**What is being asked:**
Quote each line of the material verbatim, without the pictures.

**Data below:**
•••

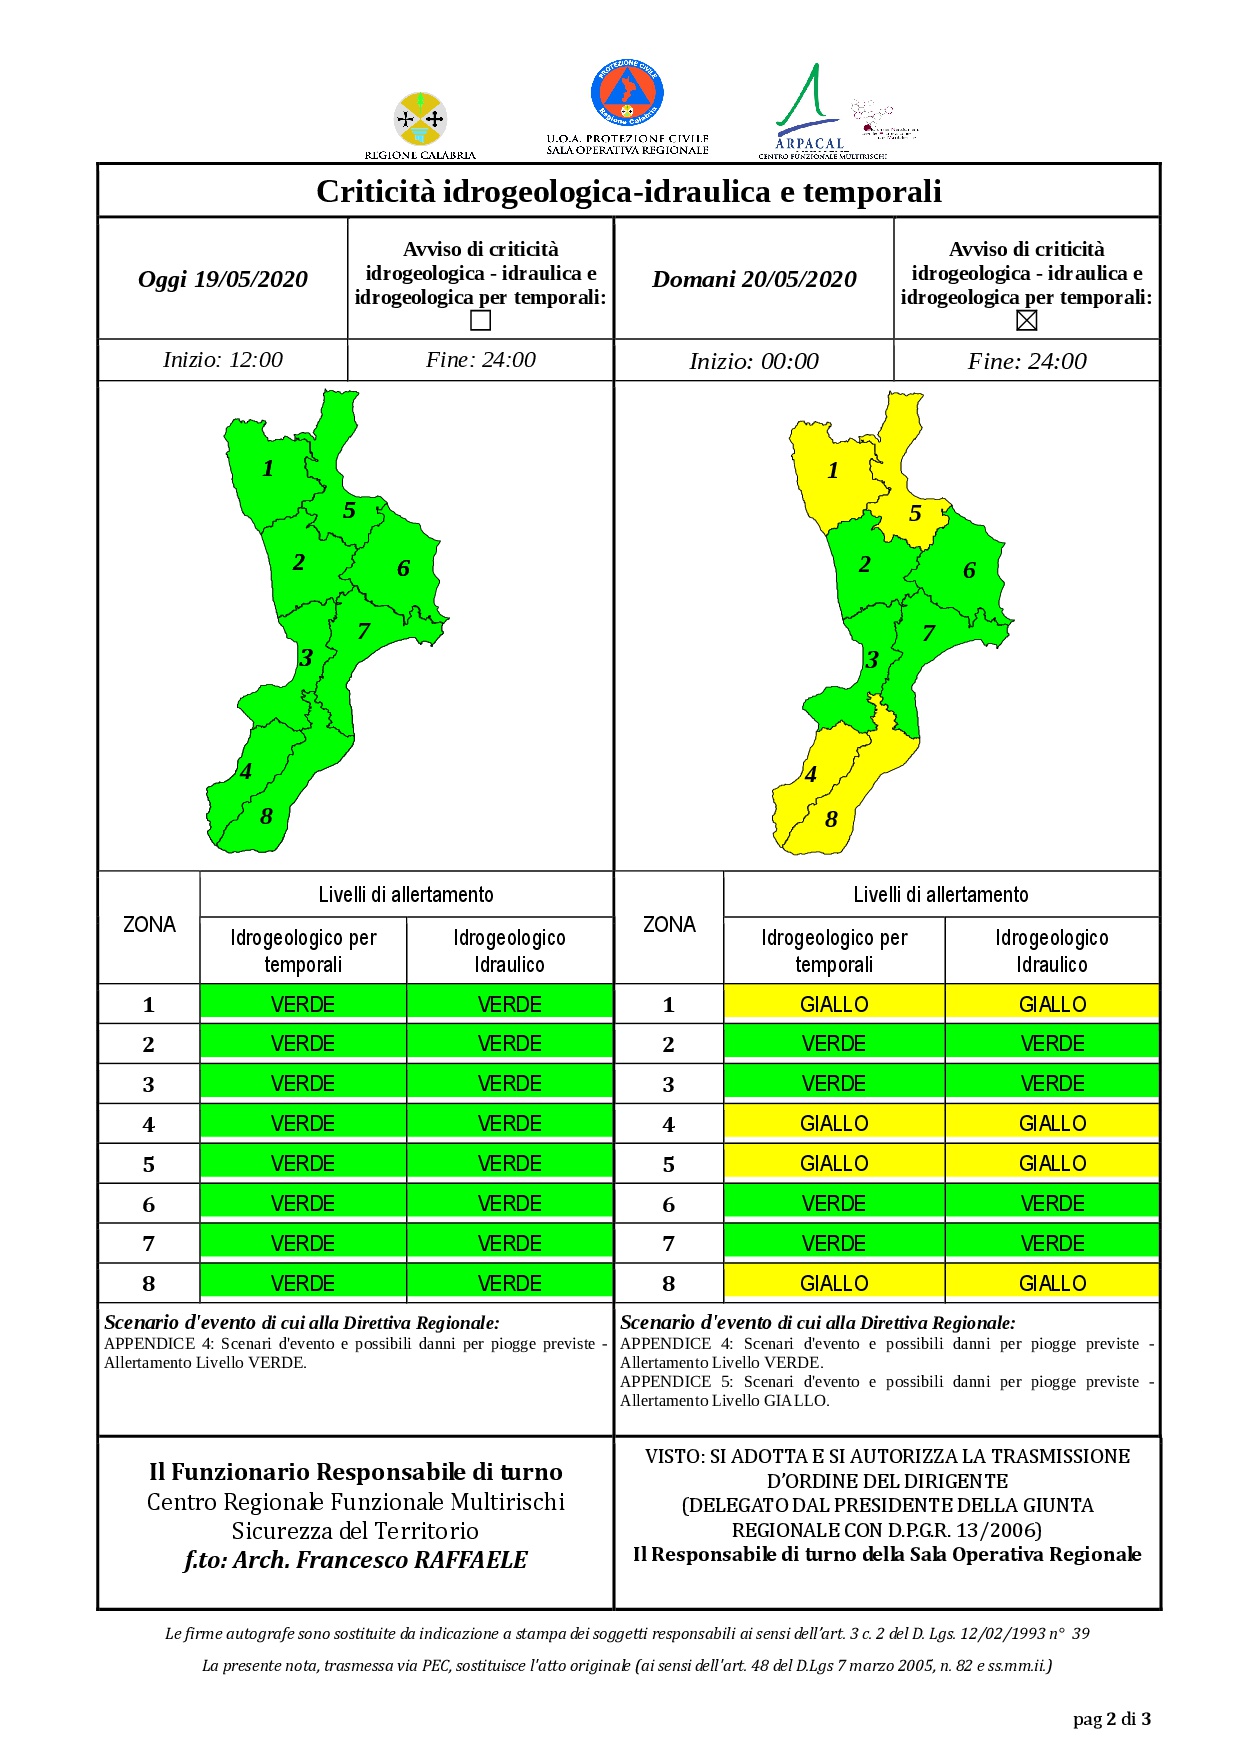 Criticità idrogeologica-idraulica e temporali in Calabria 19-05-2020
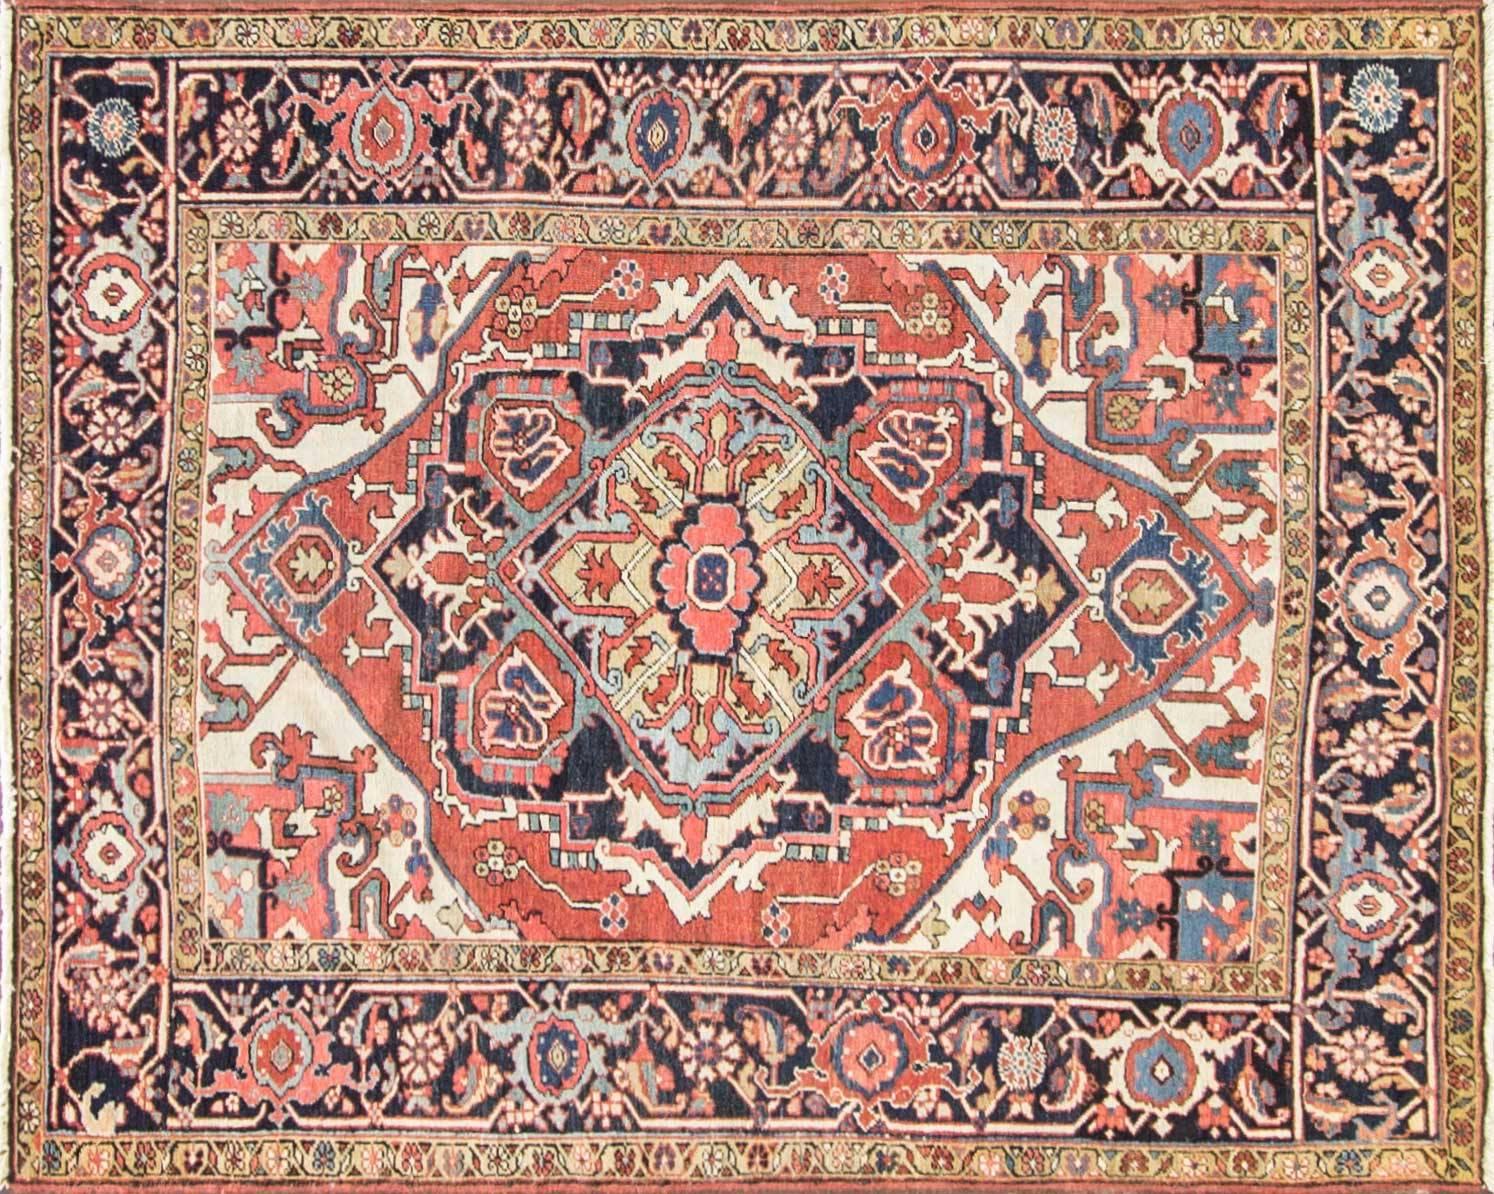 Exquisite and timeless, this Antique Persian Serapi rug, circa 1900, measures 4'11
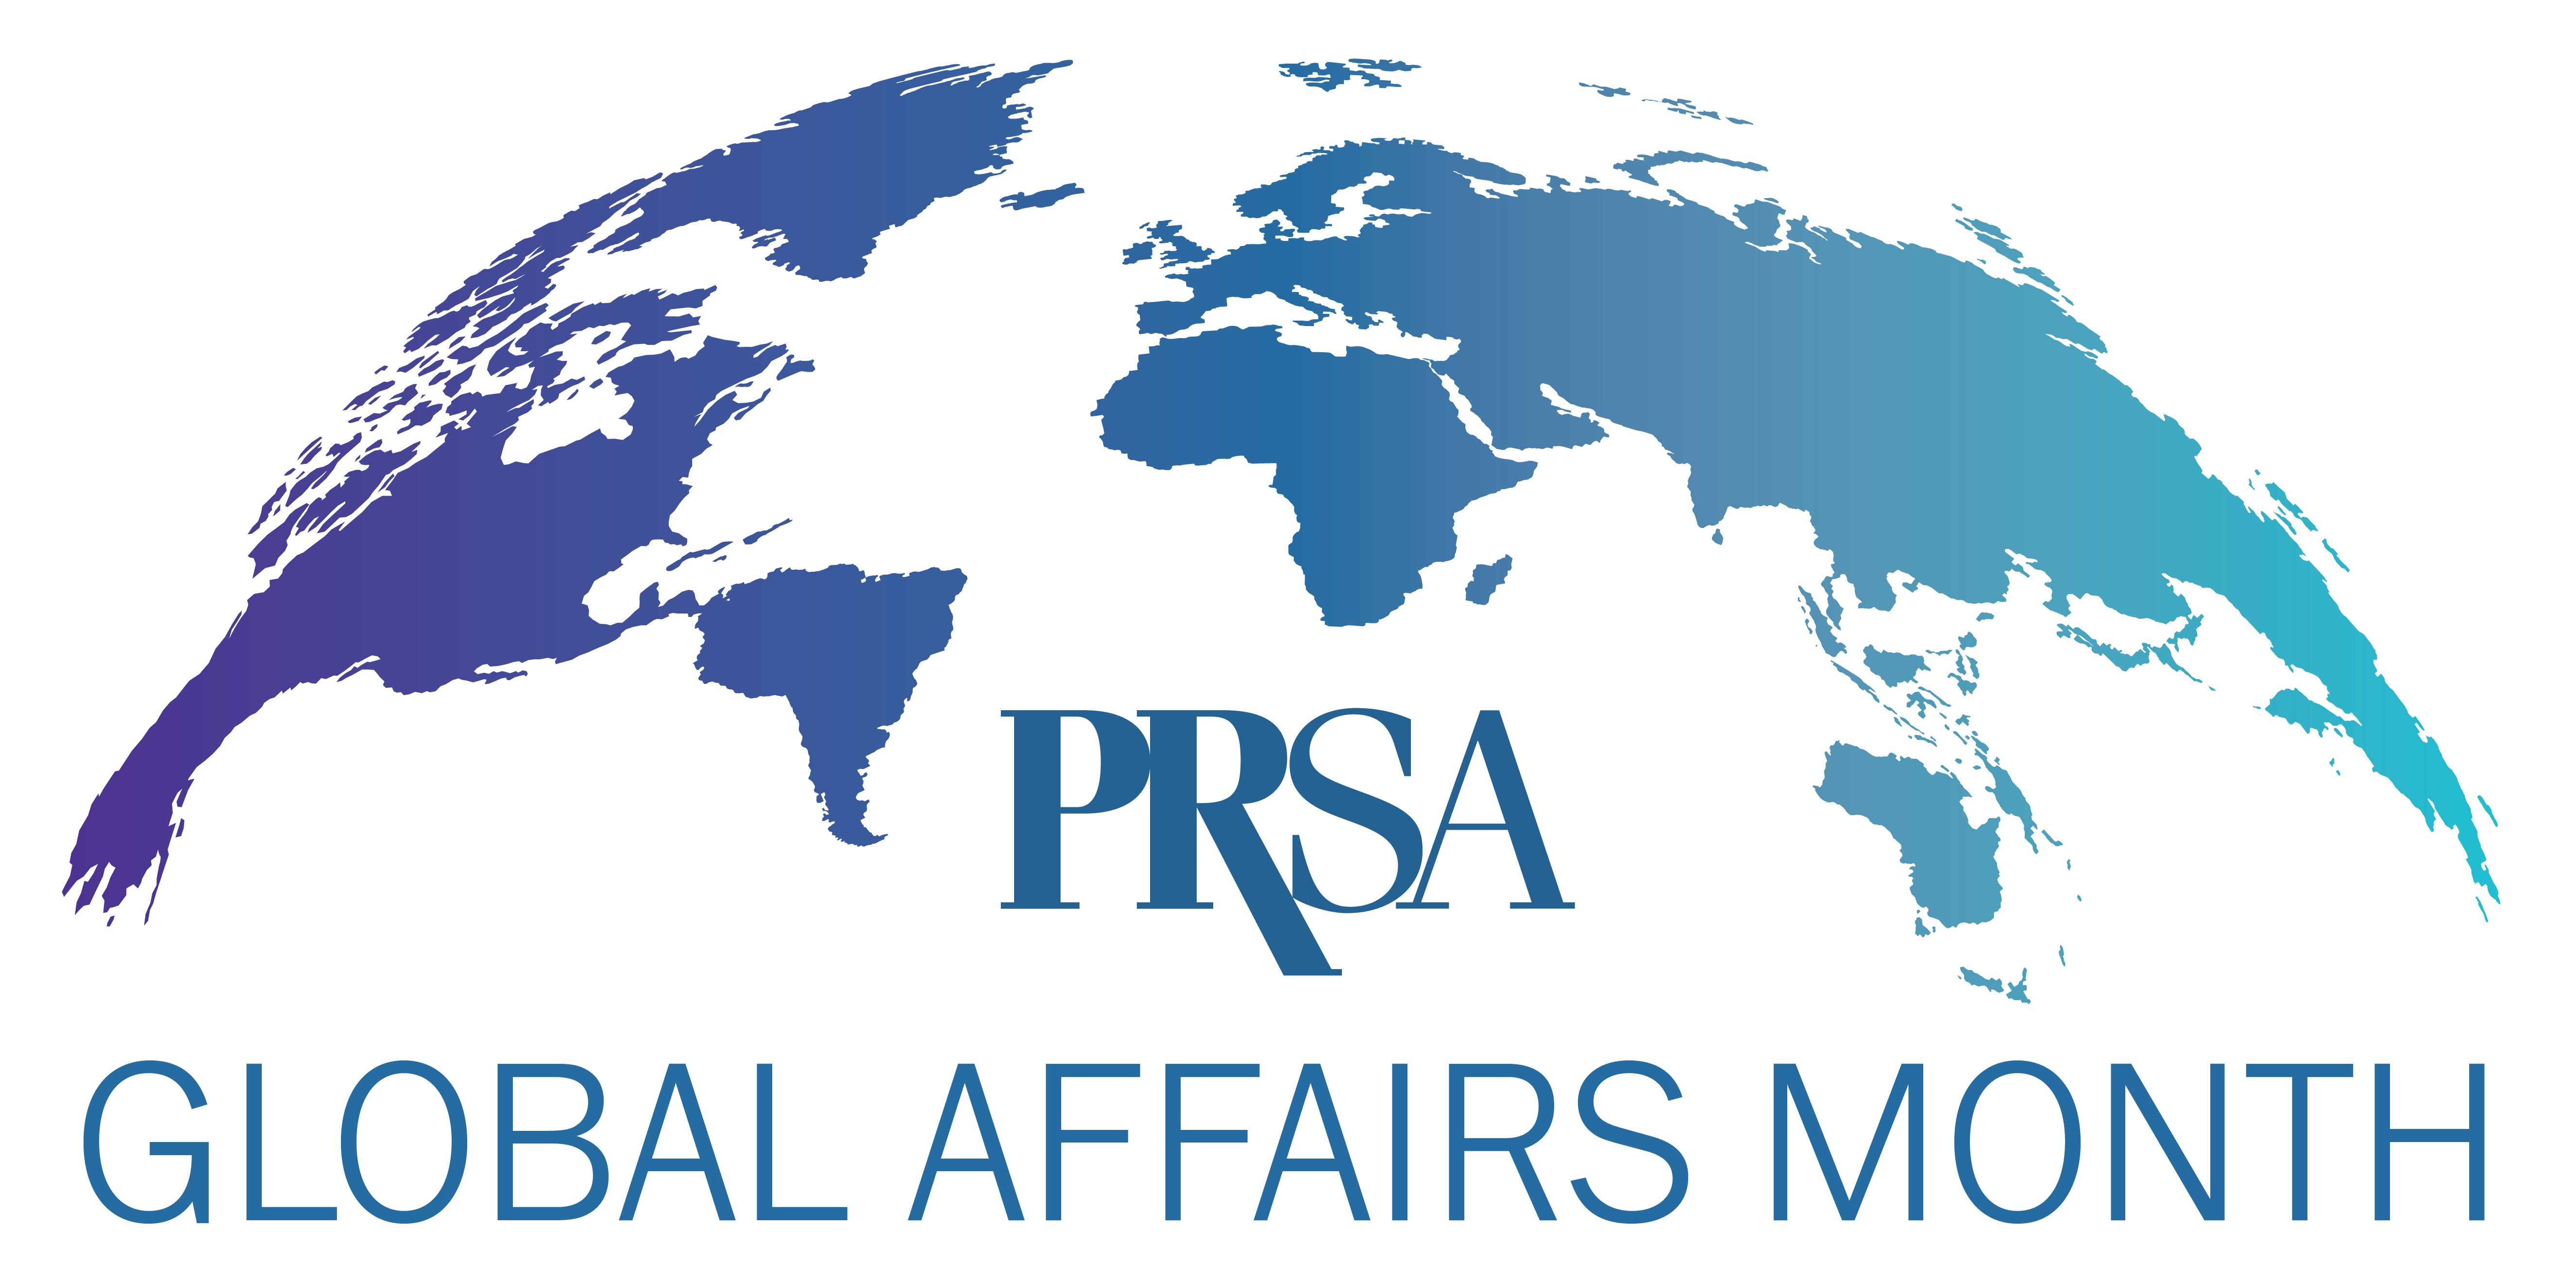 Global Affairs Logo

•••

**Response area:**
 Criticità idrogeologica-idraulica e temporali in Calabria 19-05-2020
 Exquisite and timeless, this Antique Persian Serapi rug, circa 1900, measures 4'11
 Global Affairs Logo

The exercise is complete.